Reputation: 6319
I'm generating an XML file using Python and markup.py ....it was all working out but due to recent changes in the script, I'm now getting duplicated values in the nodes due to the checks I put in place. Here's a sample of the output (they are vehicle records):
<?xml version='1.0' encoding='UTF-8' ?>
<datafeed>
<vehicle>
<vin>2HNYD18816H532105</vin>
<features>
<feature>AM/FM Radio</feature>
<feature>Air Conditioning</feature>
<feature>Anti-Lock Brakes (ABS)</feature>
<feature>Alarm</feature>
<feature>CD Player</feature>
<feature>Air Bags</feature>
<feature>Air Bags</feature>
<feature>Anti-Lock Brakes (ABS)</feature>
<feature>Alarm</feature>
<feature>Air Bags</feature>
<feature>Alarm</feature>
<feature>Air Bags</feature>
</features>
</vehicle>
<vehicle>
<vin>2HKYF18746H537006</vin>
<features>
<feature>AM/FM Radio</feature>
<feature>Anti-Lock Brakes (ABS)</feature>
<feature>Air Bags</feature>
<feature>Air Bags</feature>
<feature>Anti-Lock Brakes (ABS)</feature>
<feature>Alarm</feature>
<feature>Air Bags</feature>
<feature>Alarm</feature>
</features>
</vehicle>
</datafeed>
This is a small excerpt from a larger XML file having over 100 records. What can I do to remove the duplicate nodes?
Upvotes: 1
Views: 1901
Reputation: 388023
There are no real "duplicates" in XML. Every node is different by definition. But I understand you that you want to get rid of all duplicate features in your interpretion.
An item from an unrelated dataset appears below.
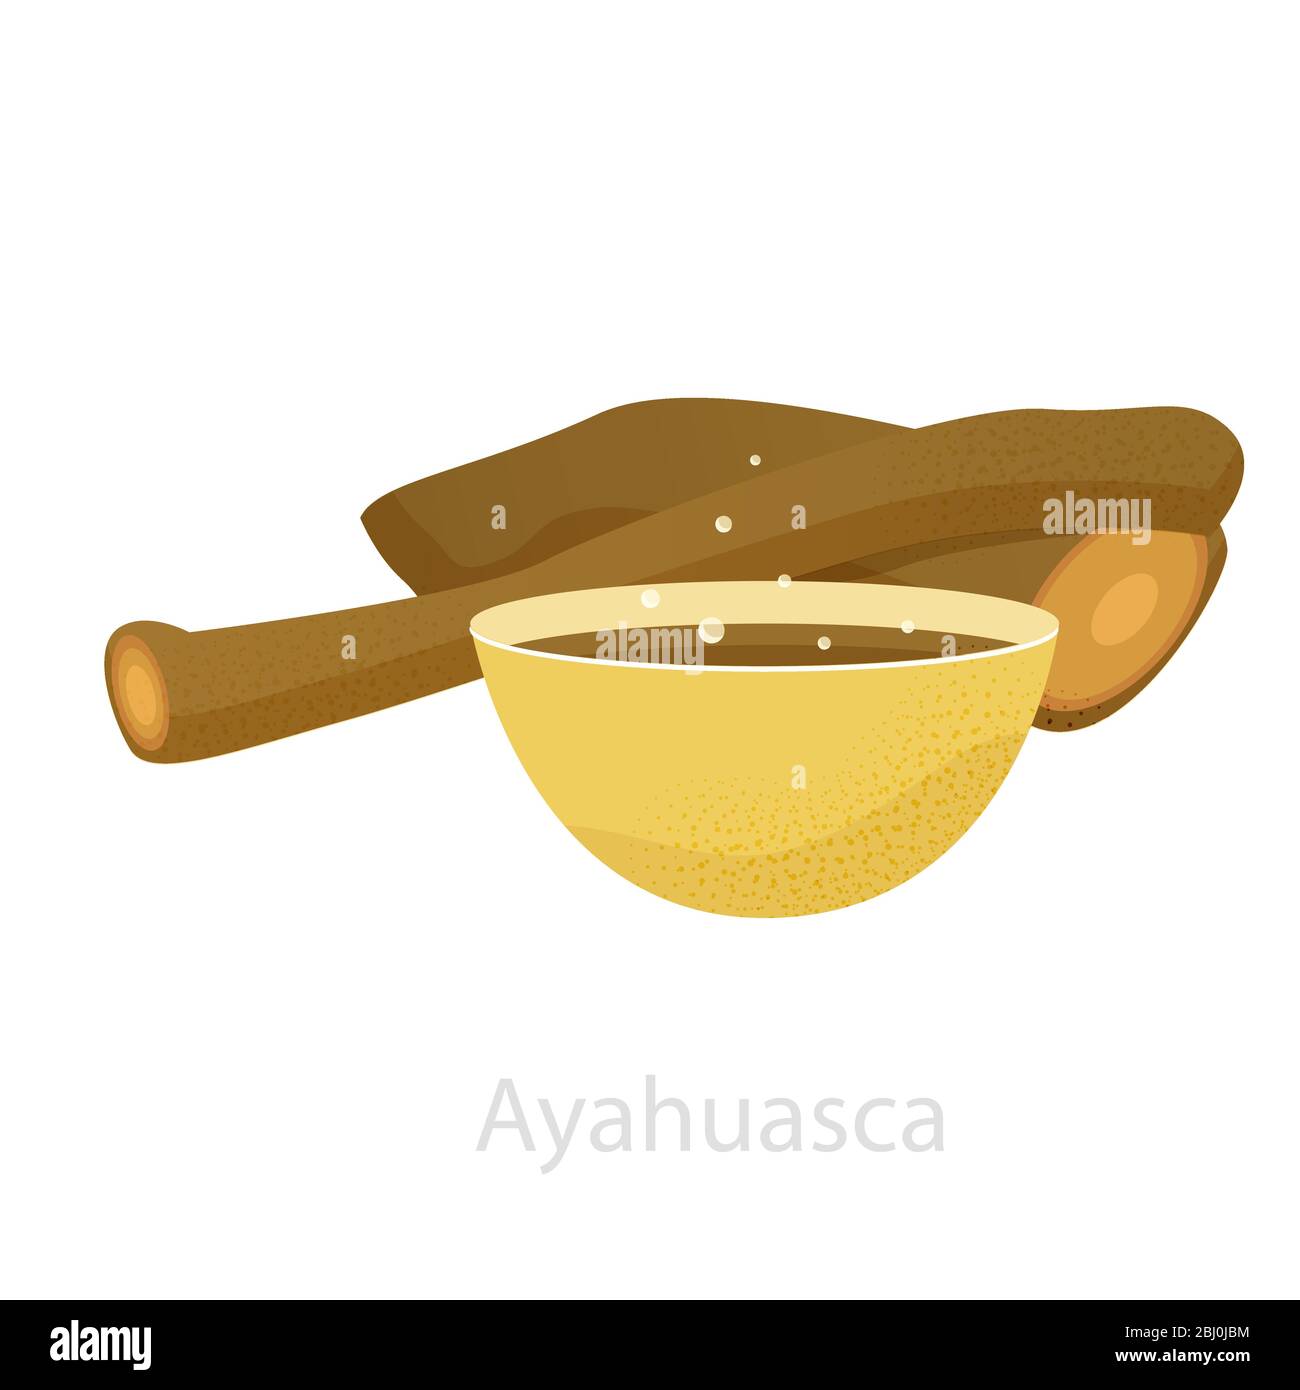 Ayahuasca liana with tea, decoction already prepared from it. Stock Vector

You can do this by simply parsing that tree, putting the features (the values of the nodes) in a set (to get rid of duplicates) and writing out a new XML document.
Given that you are generating the file with Python, you should modify the creation routine the way that it doesn't generate duplicate values to begin with. You might want to tell us what the markup.py
is or does.
I just took a quick look at the markup script, so something like this might appear in your script:
// well, this might come from somewhere else, but I guess you have such a list somewhere
features = [ 'AM/FM Radio', 'Air Conditioning', 'Anti-Lock Brakes (ABS)', 'Alarm', 'CD Player', 'Air Bags', 'Air Bags', 'Anti-Lock Brakes (ABS)', 'Alarm', 'Air Bags', 'Alarm', 'Air Bags' ]
// write the XML
markup.features.open()
markup.feature( features )
markup.features.close()
In this case, just make features a set
before passing it to the markup script:
// write the XML
markup.features.open()
markup.feature( set( features ) )
markup.features.close()
If you have multiple separate lists that contain your features for a single vehicle, combine those lists (or sets) first:
list1 = [...]
list2 = [...]
list3 = [...]
features = set( list1 + list2 + list3 )
Upvotes: 1